Scenario: You want to calculate a cumulative sum of sales in your DataFrame.

from pyspark.sql.window import Window

from pyspark.sql.functions import sum

windowSpec = Window.orderBy("date").rowsBetween(Window.unboundedPreceding, 0)

df_with_cumsum = df.withColumn("cumulative_sum", sum("sales").over(windowSpec))

df_with_cumsum.show()

24. Write PySpark code to find outliers in a dataset.
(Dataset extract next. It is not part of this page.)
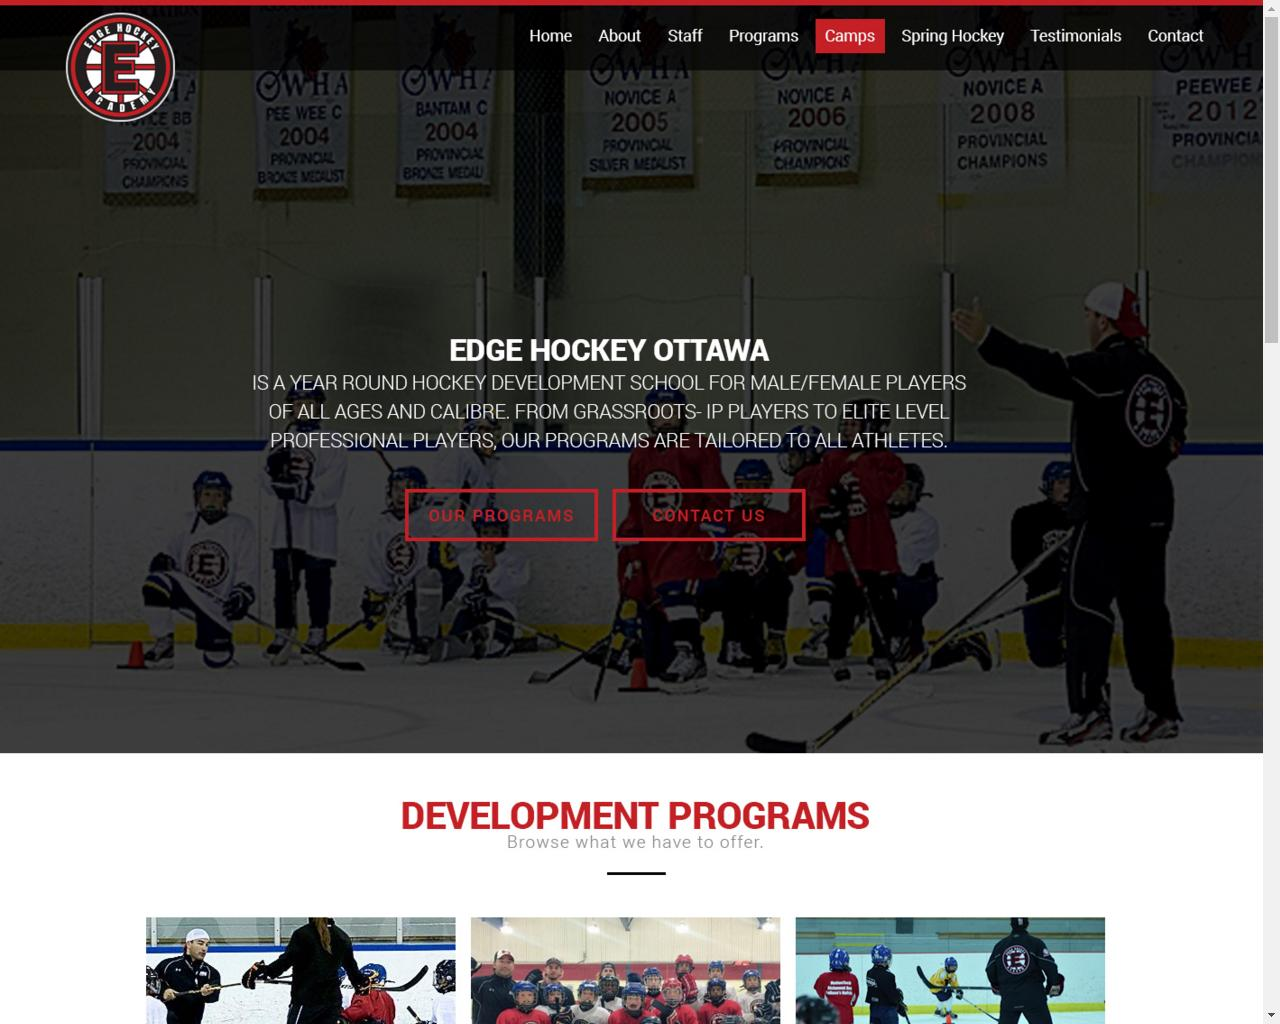 Edge Hockey Ottawa

Scenario: Detect outliers in the "sales" column based on the 1.5 * IQR rule.

from pyspark.sql.functions import expr

q1 = df.approxQuantile("sales", [0.25], 0.01)[0]

q3 = df.approxQuantile("sales", [0.75], 0.01)[0]

iqr = q3 - q1

lower_bound = q1 - 1.5 * iqr

upper_bound = q3 + 1.5 * iqr

df_outliers = df.filter((col("sales") < lower_bound) | (col("sales") > upper_bound))

df_outliers.show()

25. Write PySpark code to convert a DataFrame to a Pandas DataFrame.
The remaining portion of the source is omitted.